I'm not entirely sure what might be going wrong here. Special characters in the file path can cause issues with GSEA recognising files properly, I noticed the file path you were using D:\Dropbox\@-Work\Perl Script Samples\BioID\list.rnk
has several, the @-Work in particular might be problematic. Could you try a different path without this folder in it? If that doesn't work, we can take a look at the file itself confidentially if you send it to the gsea...@broadinstitute.org address.

-Anthony

Anthony S. Castanza, PhD
Curator, Molecular Signatures Database
Mesirov Lab, Department of Medicine
University of California, San Diego

--
You received this message because you are subscribed to the Google Groups "gsea-help" group.
To unsubscribe from this group and stop receiving emails from it, send an email to gsea-help+...@googlegroups.com.
To view this discussion on the web visit https://groups.google.com/d/msgid/gsea-help/a41d63ed-7405-4636-88ee-dfaa8ad536ban%40googlegroups.com.

Anthony Castanza

unread,
Oct 3, 2022, 1:18:58 PM10/3/22
to gsea...@googlegroups.com
My apologies, I missed that you already attached that .rnk file. I was able to load the file on my system without any issues, so I definitely think it is an issue with the file path.
Additionally, I noticed that you only had 643 genes in the data.

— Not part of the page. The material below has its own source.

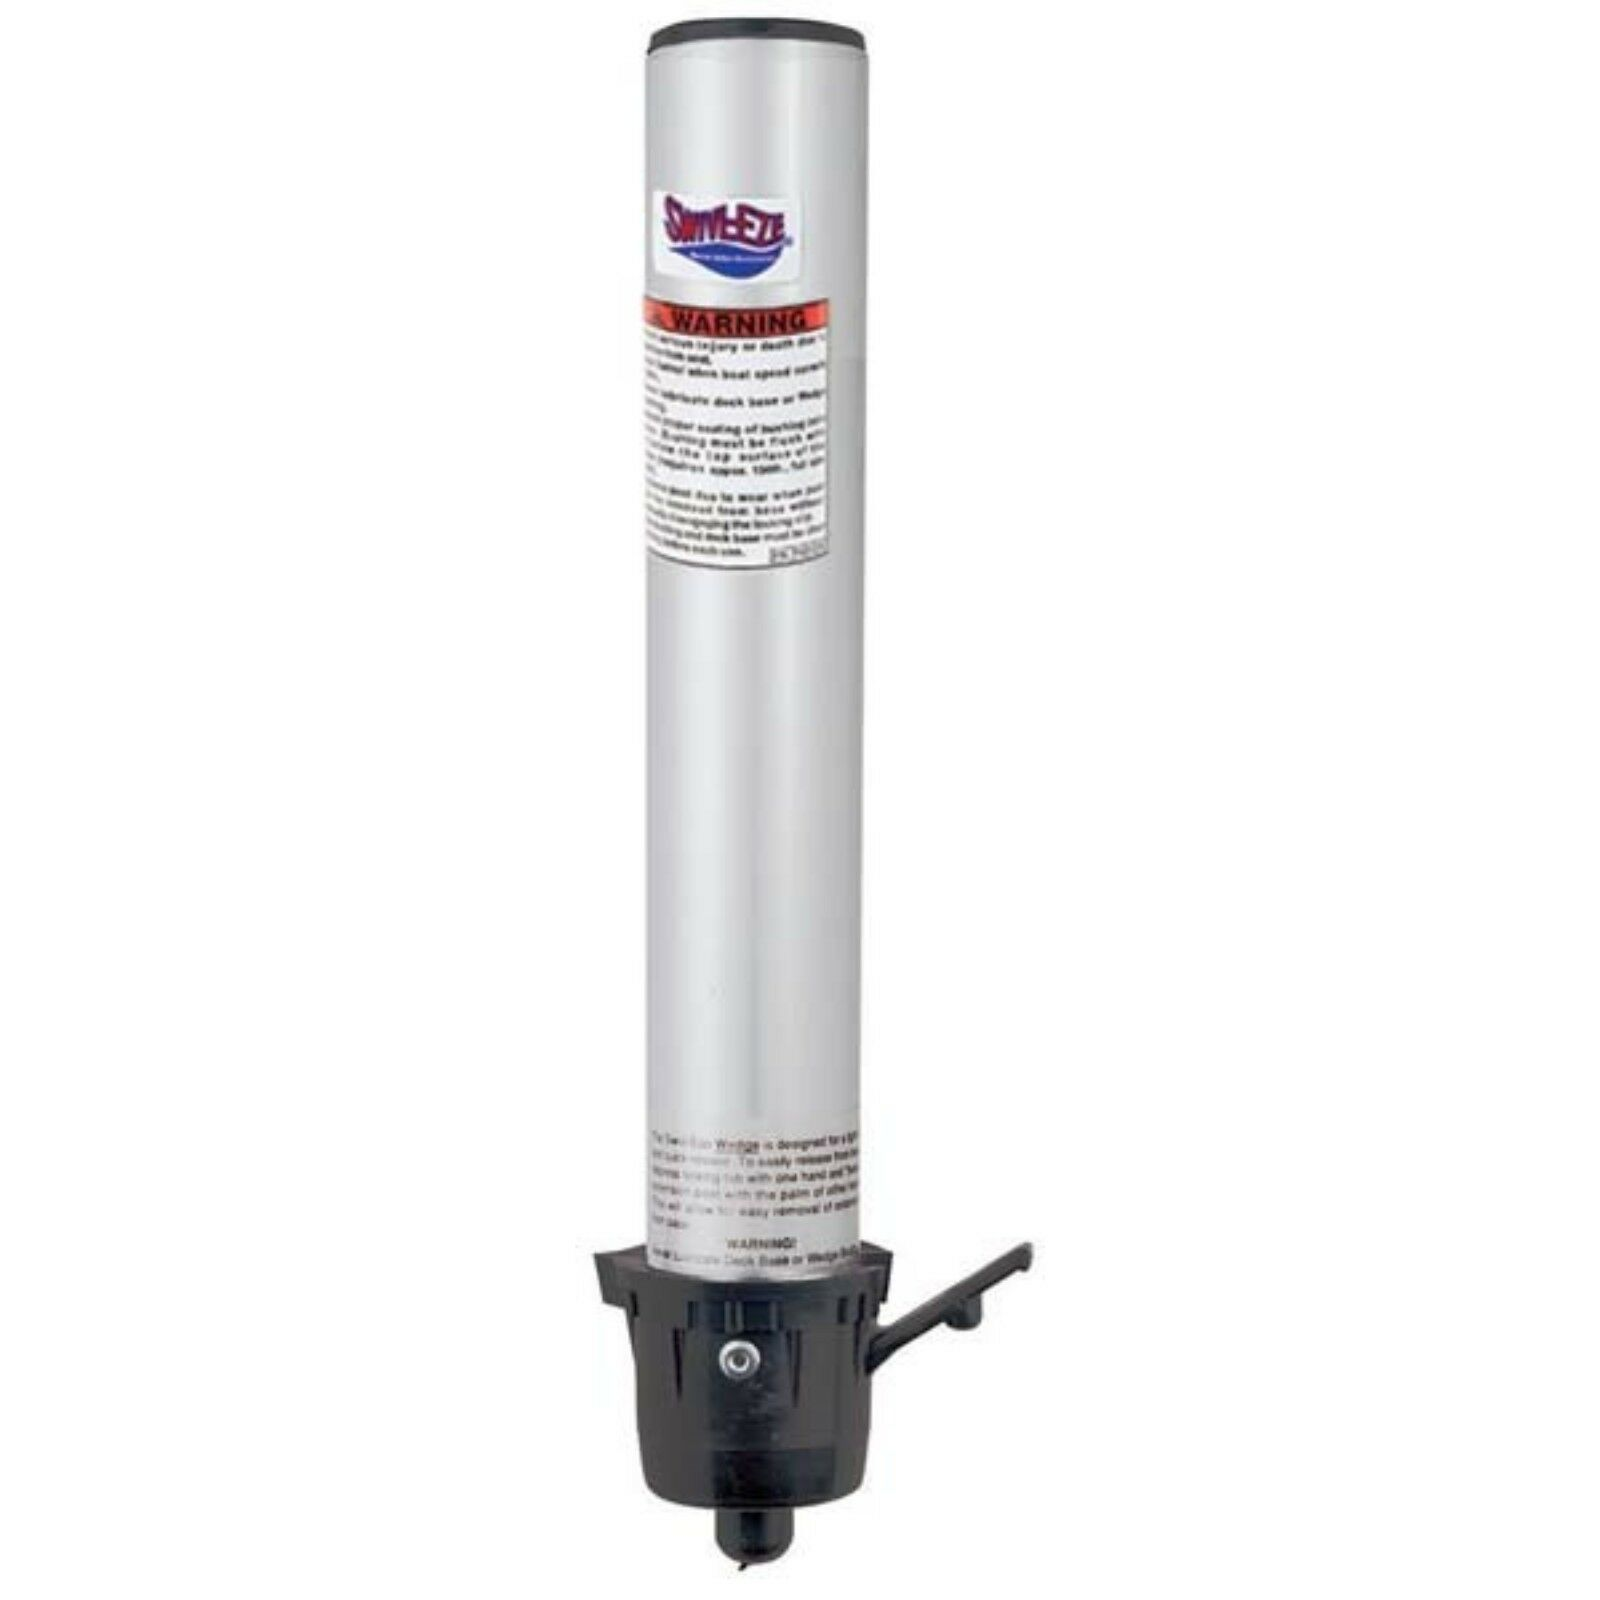 Swivl-Eze Sp28913 Wedge Pedestal Post 13
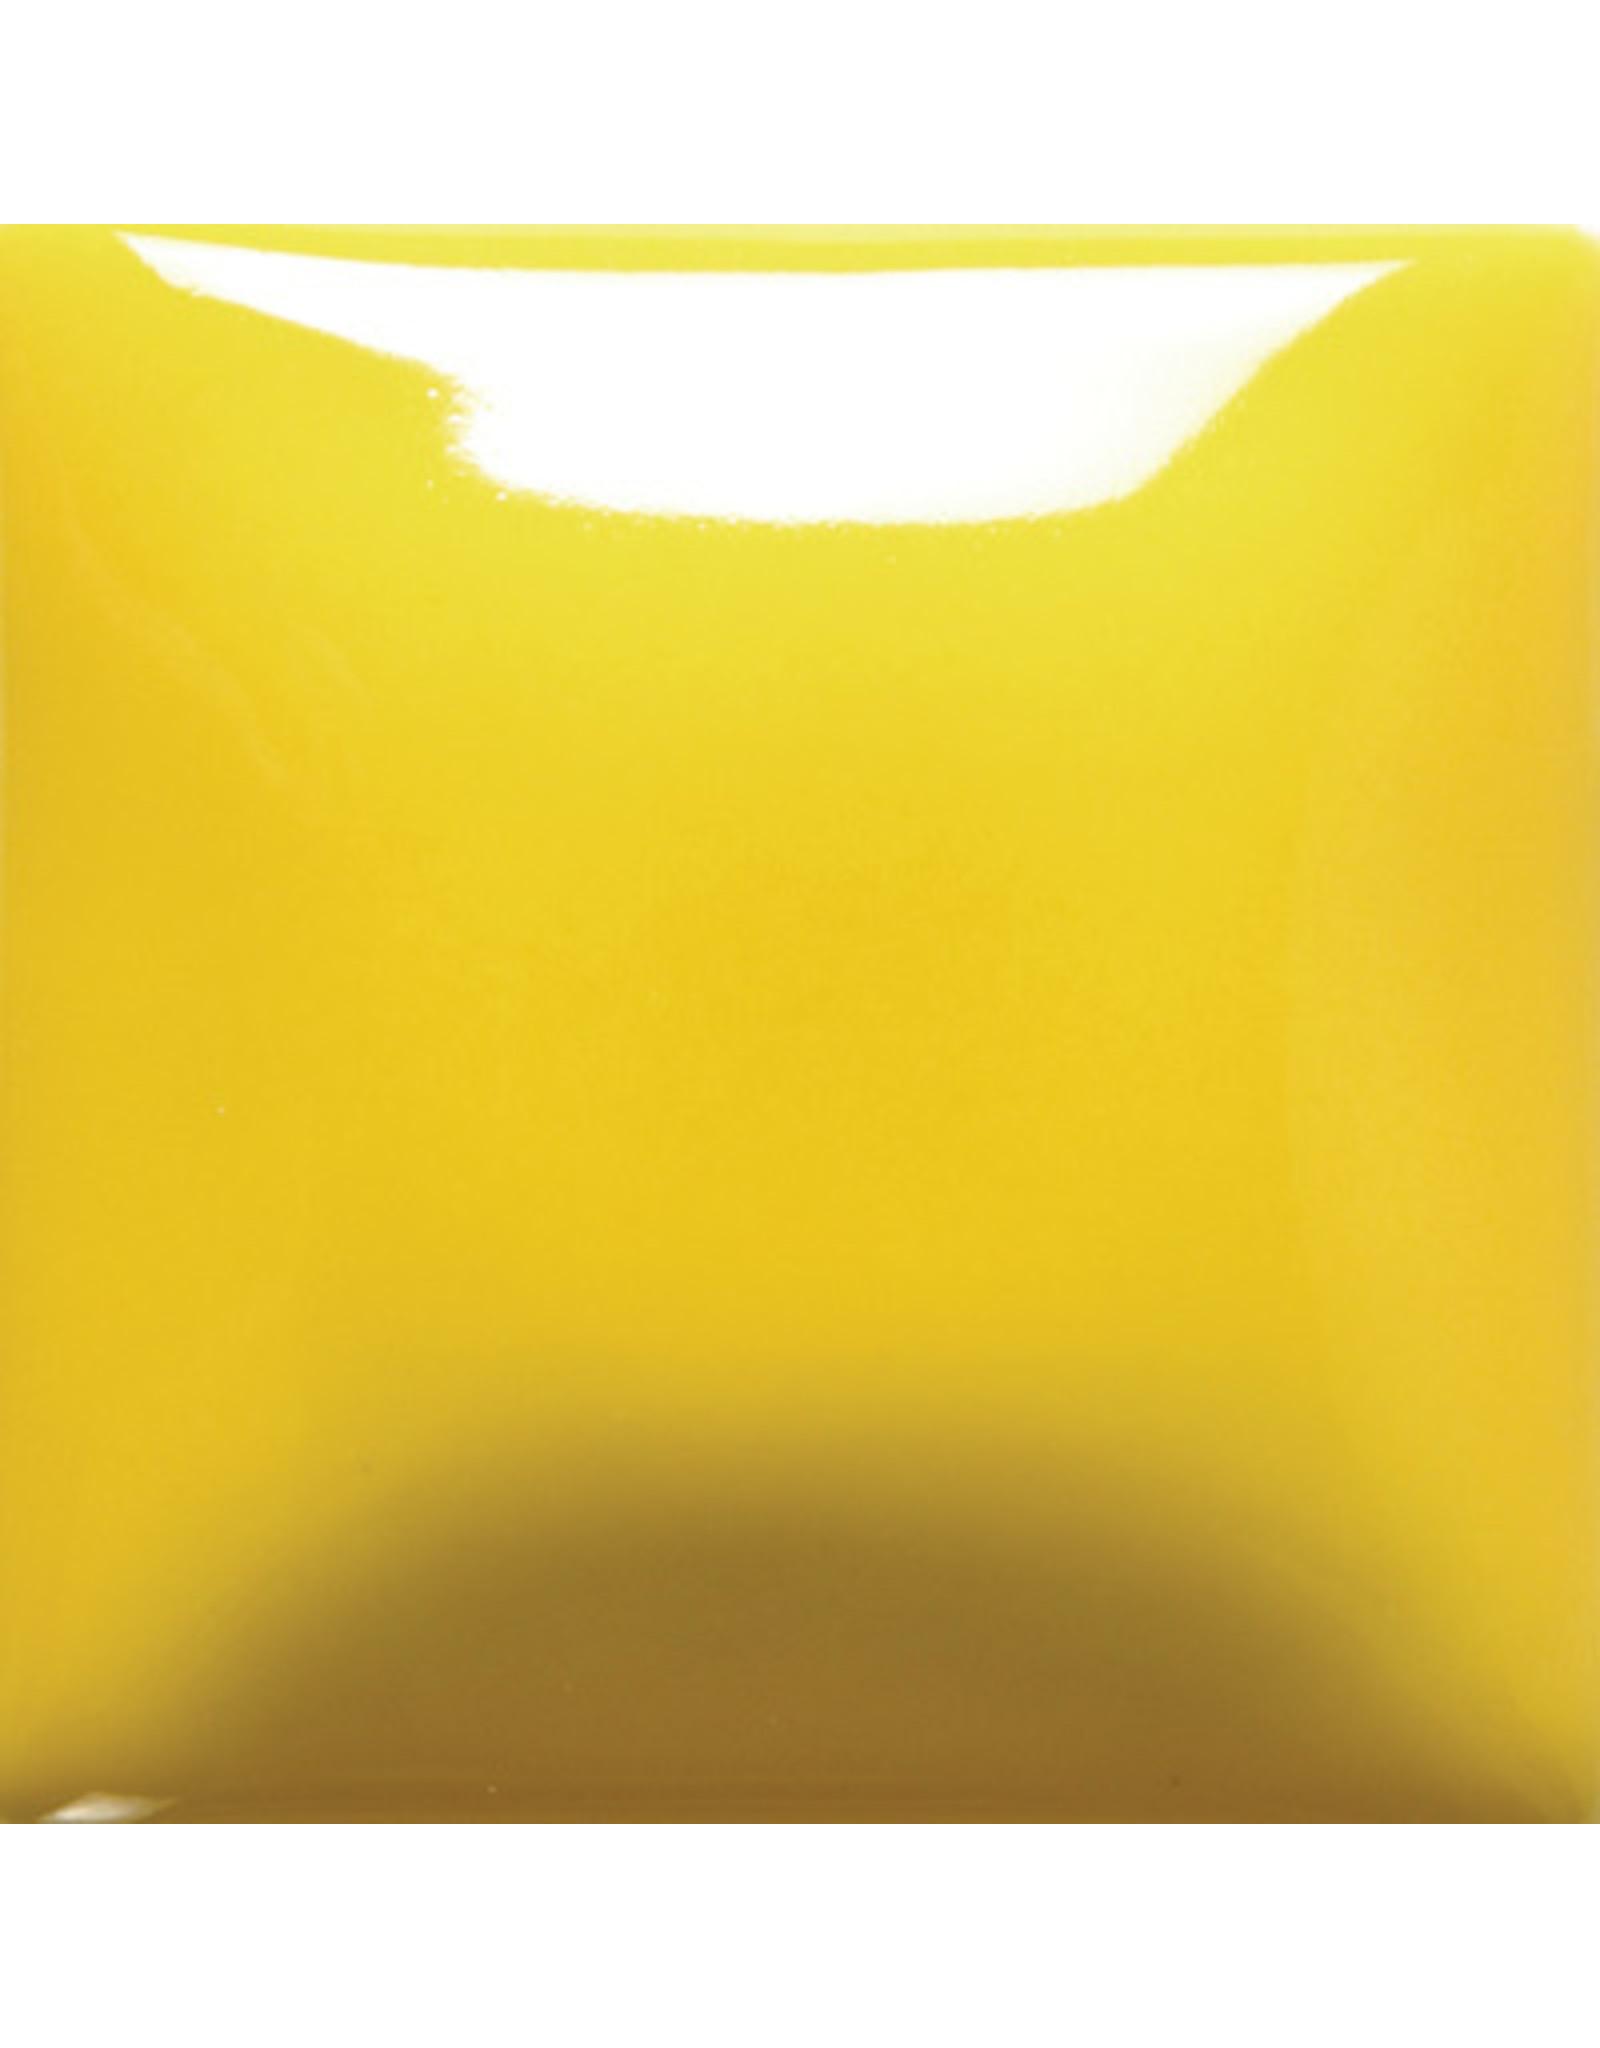 Mayco Mayco Foundations Yellow 118ml

Assuming you didn't simply truncate this to send it to us, GSEA expects ranking information for all expressed genes, not just genes that pass arbitrary cutoffs for fold change or significance or similar.

-Anthony

Anthony S. Castanza, PhD
Curator, Molecular Signatures Database
Mesirov Lab, Department of Medicine
University of California, San Diego

Reza MMR

unread,
Oct 3, 2022, 2:09:07 PM10/3/22
to gsea...@googlegroups.com
Thank you for your email.
I tried a different file path and got the error below. 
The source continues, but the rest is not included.